Le Caravage è l’ultimo lavoro di uno dei maggiori sperimentatori del cinema d’oltralpe: Alain Cavalier. Un documentario intimo, sulle affinità elettive che si instaurano tra un cavallo e il suo addestratore.
Le Caravage di Alain Cavalier dura solo 70 minuti. Quanto basta per affascinarci. Pur con qualche momento di risacca, compensato da altri di grande poesia, Le Caravage è un’opera inusuale e per questo densa di interesse. Cavalier riprende, anzi documenta all’antica, senza ricorrere quasi mai alla musica. È l’immagine a strutturare il misterioso rapporto fisico e spirituale che lega l’equino all’uomo. Un legame dato dall’affetto e dall’autorevolezza che Bartabas dedica al suo “Caravaggio”, alla sua “opera d’arte”. Lo rimprovera e lo abbraccia, e il cavallo ricambia con sbuffi e baci.
Li osserviamo sempre insieme.
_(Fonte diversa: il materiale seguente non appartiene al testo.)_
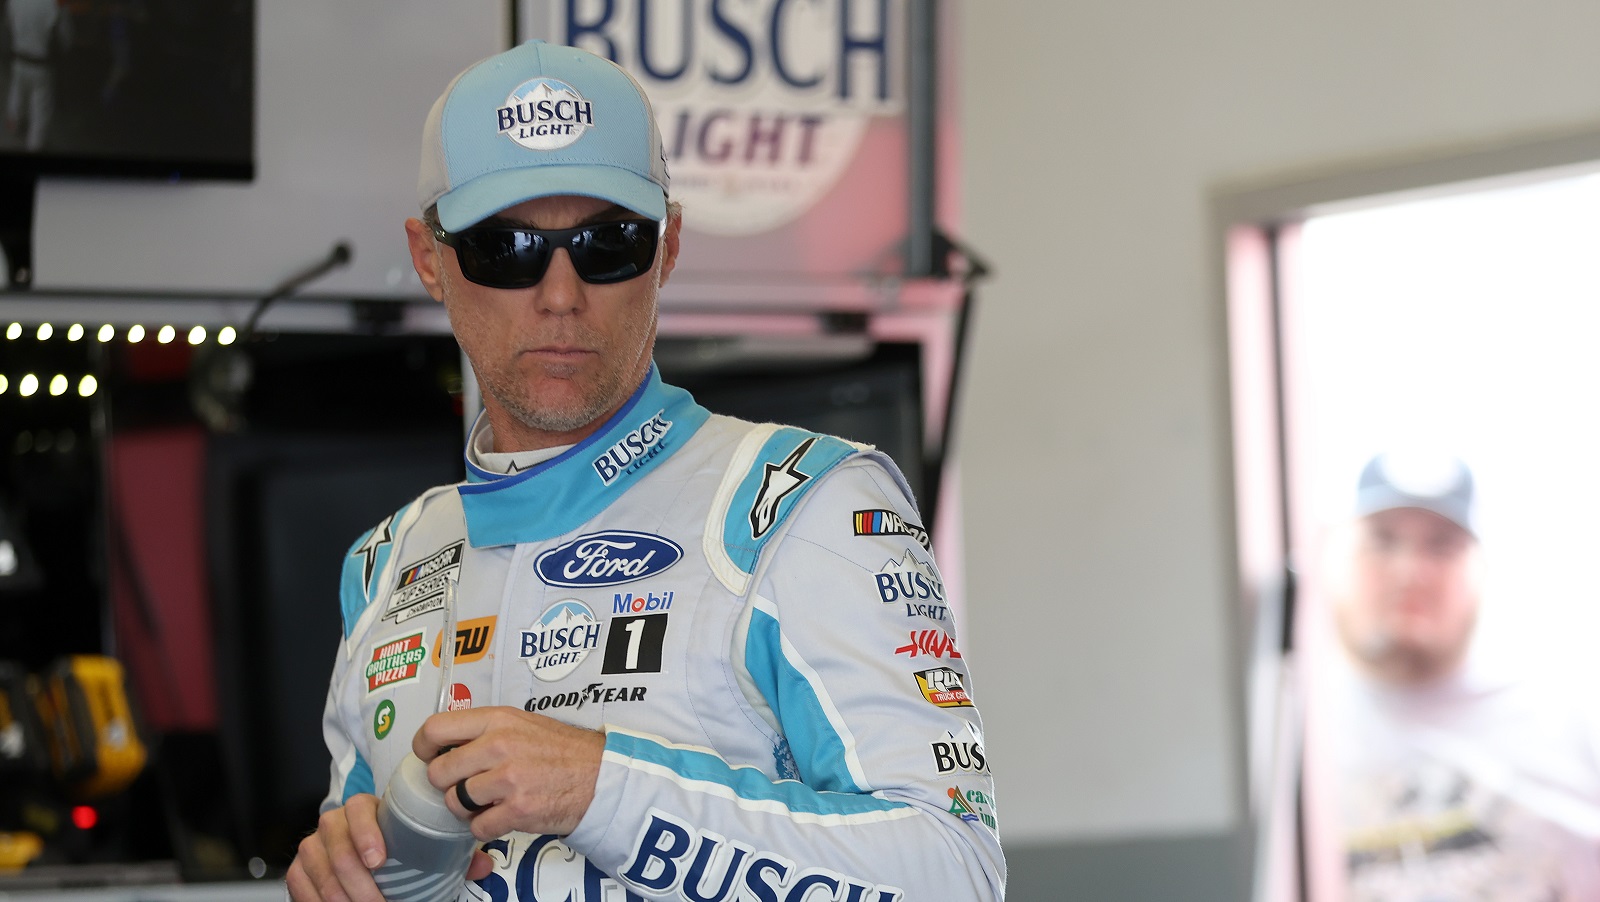 Kevin Harvick, driver of the No. 4 Ford, waits in the garage area during practice for the NASCAR Cup Series Daytona 500 at Daytona International Speedway on Feb. 18, 2022.

Dalla toeletta mattutina ai primi esercizi di riscaldamento alle prove di “passi di danza”. Cavalier, semplicemente osservando e riducendo al minimo il montaggio (quindi la distanza tra cinema e spettatore), ci mostra l’anima divisa in due che lega l’uomo e il cavallo, come fossero una cosa sola, come se Bartabas fosse uomo-cavallo e Caravage un cavallo-uomo.
Le Caravage è l’apoteosi del dettaglio. Cavalier inquadra il pelo del cavallo come se dovessimo accarezzarlo, i nervi e le vene delle sue gambe/zampe, fino alla pupilla dell’occhio. Il dettaglio riempie e satura lo schermo.
Insomma, Le Caravage è un film che quasi ci riporta alla dimensione primitiva del cinema, a quella scomposizione della corsa del cavallo operata in fotografia da Muybridge in quel lontano 1874 che è stato tappa fondamentale verso quello che, circa vent’anni dopo, sarebbe stato il Cinematografo.